The Matchmaker's Playbook (Wingmen Inc., #1)(6)



“She has a name,” I teased. Not that I actually remembered it. But in my defense, while her lips were wrapped around me, her head was blocking the view of her name tag. See? Not my fault.

“One day.” Gabi shook her head. “You’re going to get smited.” She frowned. “Or is it smote?”

“Oooo.” I shivered and leaned in, pressing a kiss to her cheek. “Sounds dirty. Can’t wait.”

With a hard shove, she pushed me off of her and slapped me on the ass. “Upstairs. Go, before you start attracting more.”

“Attention?”

“Girls with no future.” Gabi nodded seriously. “You know, the type you like to give quick—”

“Lex!” I interrupted her on purpose when my best friend sauntered into the kitchen. He was six foot five inches of pure muscled man-slut.

Worse than I was.

Which meant he probably deserved some sort of medal.

Or badge.

Or at least a patch with the letter W for “whore.” His own dirty scarlet letter.

Next to me, Gabi tensed.

“I’ll just go take that shower,” I said, leaving them alone. I knew full well that it was best to stay out of the way where they were concerned. I hated breaking up fights. Last time I earned a black eye and a kick to the balls trying to keep the peace.

And with all the clients I had piled up for the rest of the semester, the last thing I needed was to show up to a meeting with both my eyes swollen shut.

I took the stairs two at a time, made sure to knock on the bathroom door before I let myself in, then quickly stripped out of my clothes and jumped into the shower.

All of my essentials were where I’d left them, in the little caddy I kept in the corner.

And before you go getting all suspicious on my ass, remember, Gabi is like a sister to me—as in, the only time I even thought about kissing her was during eighth-grade skate night, and I’m pretty sure that’s because someone had spiked my Mountain Dew.

Regardless, we kissed, and it was awful. She actually puked. But we’re 99 percent sure it was the stomach flu and not my bad kissing skills that caused it.

We shook hands a few days after that.

Swore each other to secrecy.

And haven’t had any issue since.

So, no, I’m not jealous of her fascination with Lex, though if he ever pursued her, I’d probably hang him from a telephone pole and light his nuts on fire. It was cute, her obsession, and I knew it would never go anywhere. Because she was a virgin.

He wasn’t.

And guys like Lex know what girls like Gabi are worth—gold. He couldn’t afford her, not even if he sold his soiled soul.

The familiar scent of my Molton Brown body wash floated into the air, burning my nostrils but relaxing me at the same time.

I only kept Molton at Gabi’s.

Jean Paul Gaultier was for my place.

And if I was staying overnight and had to meet a client the next day, then I brought along Old Spice. It was another numbers thing. At least 30 percent of guys in college used Old Spice, meaning the girl would start to associate my scent with that of other men, pushing her boundaries, making her comfortable. Because as any dating expert knows, scent is the easiest way to establish memory as well as comfort.

You can’t make this shit up.

Which is another reason Lex is invaluable to the company: he loves his charts, data, and fun facts.

A loud knock shook the door. “I swear to the shower gods if you don’t hurry your ass up, I’m going to break the door down and flush the toilet.”

“Five minutes, Gabs.”

“You and your fake time limits!”

I quickly turned off the shower, wrapped a towel around my waist, and made my way down the hall into her room.

With a sigh, I shut the door behind me, dropped the towel, and flipped on the light.

Did she get a new dresser?

Hers was brown.

This was black.

And the perfume on top was new.

Frowning, I picked up the Prada bottle and sniffed, just as the door to the room opened.

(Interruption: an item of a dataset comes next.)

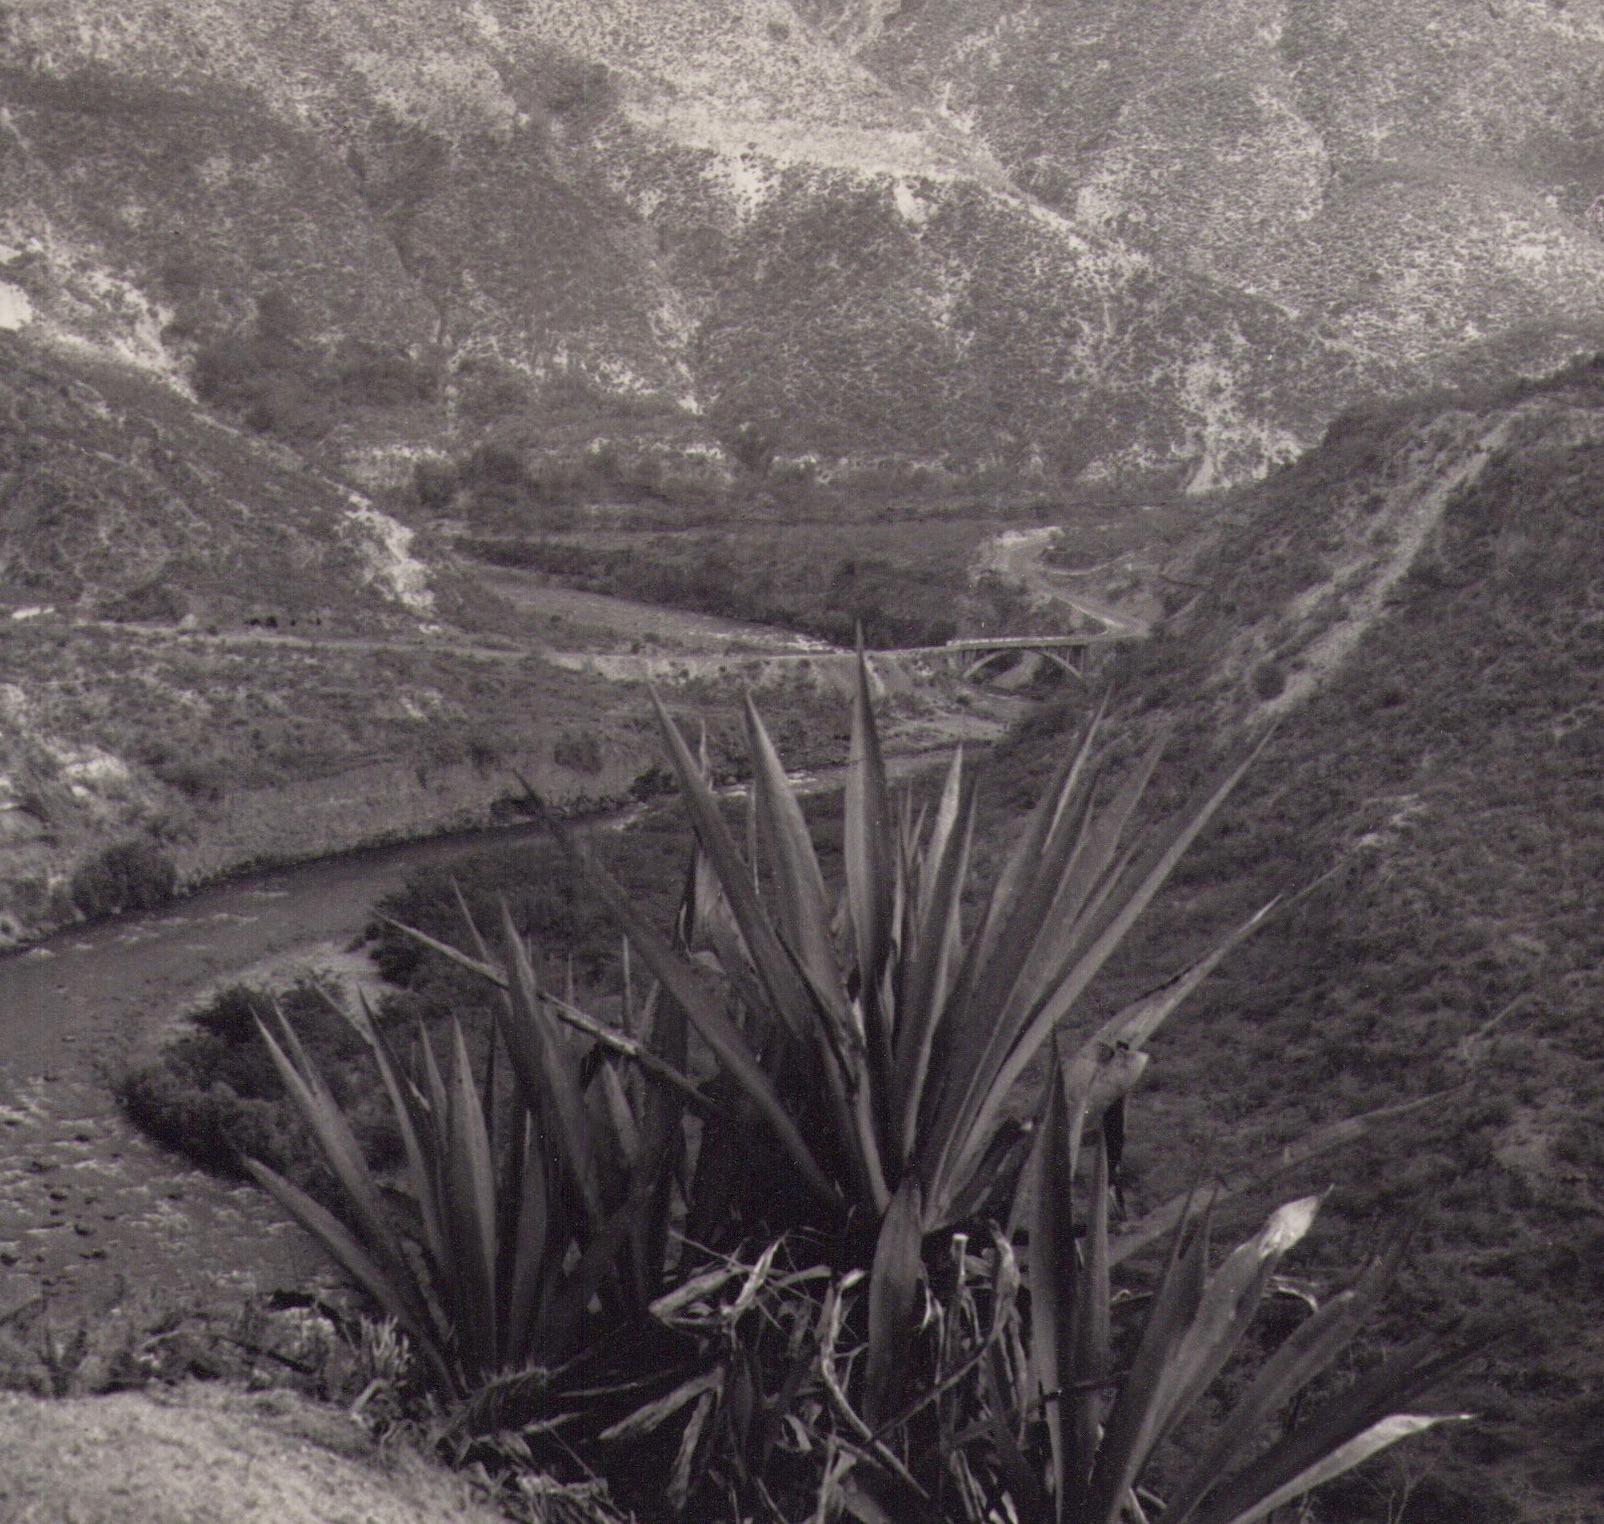 Ecuador, Landscape, Black and White Photography, 1960s, 21, 2 X 17, 2 cm - Gray Portrait Photograph by Hanna Seidel

“Holy Garfield and lasagna!” a tall brunette with an exorbitant amount of long wavy hair said. She covered her face with her hands and stumbled backward. The door had already halfway shut behind her, so the doorknob gave her butt a nice high five. With a wince, she stumbled forward, reaching for the hamper next to where I was standing.

It was plastic.

Not steel.

So naturally, the minute she put weight on it, it broke. Laundry scattered all over the floor, and she fell to her knees, her ugly black basketball shorts hiking up to reveal muscular thighs.

Grinning, I leaned down, still naked, and pointed to a pink thong. “Kinda had you pegged for a boy-shorts girl.”

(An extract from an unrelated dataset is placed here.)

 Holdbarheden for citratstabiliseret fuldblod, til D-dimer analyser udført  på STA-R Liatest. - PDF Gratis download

The girl’s brown hair was covering her face like Cousin Itt from The Addams Family. Slowly, she pushed her hair out of her eyes.

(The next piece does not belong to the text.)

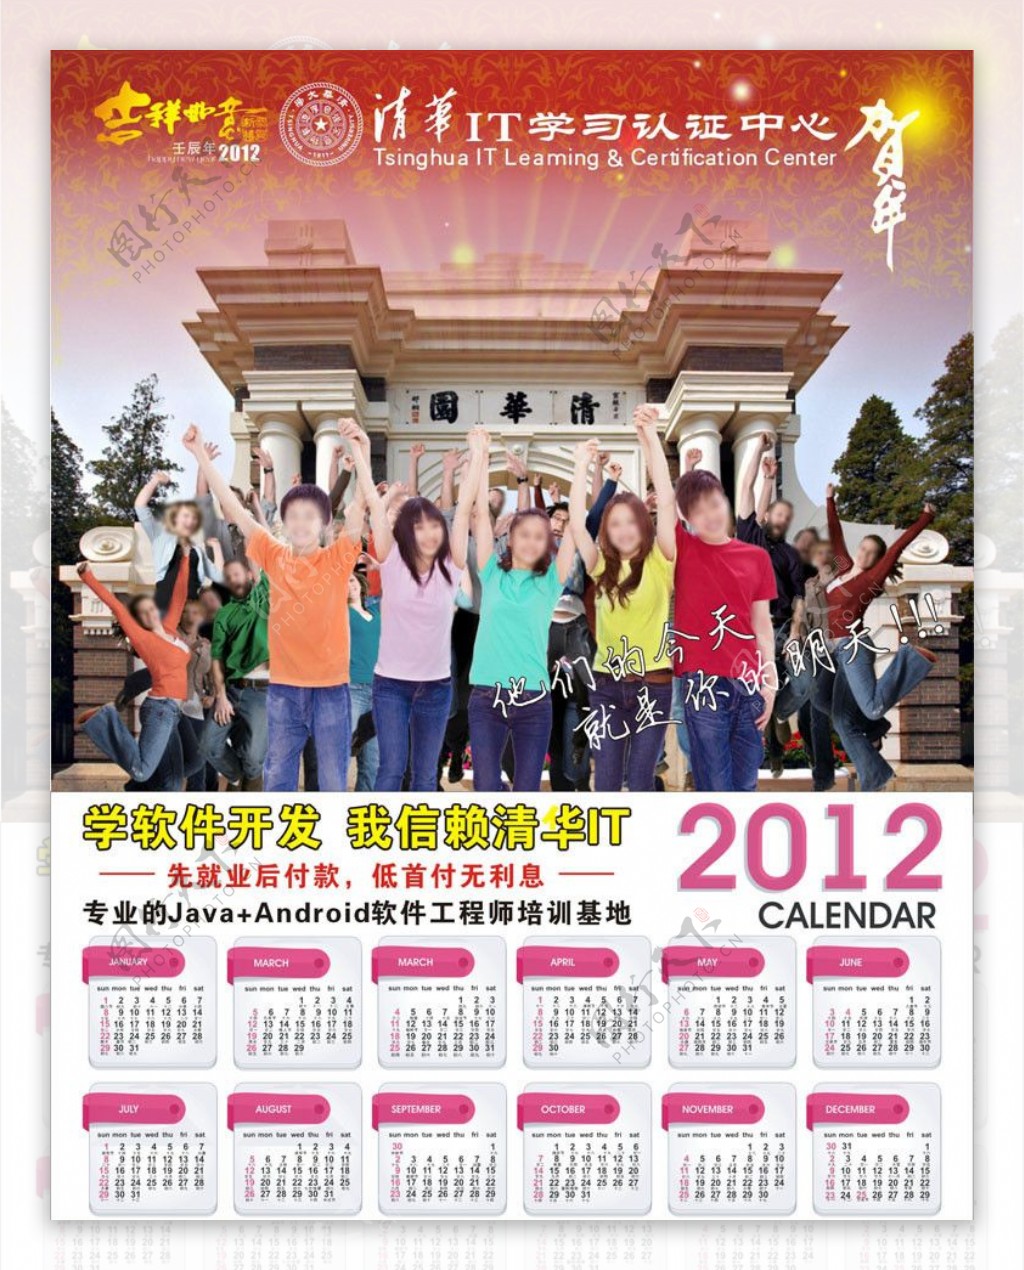 清华IT培训学校2012年年历海报图片

“What are you doing in my room?” Her voice was accusatory low, and kind of sexy—if I closed my eyes and thought of it belonging to a different body.

“You mean Gabi’s room?”

“No.” Her nostrils flared. “My room.”

“And you are?” I held out my hand, because I was a gentleman first, a certifiable man-whore second, and because my grandma used to swat my ass every time I introduced myself without a firm handshake.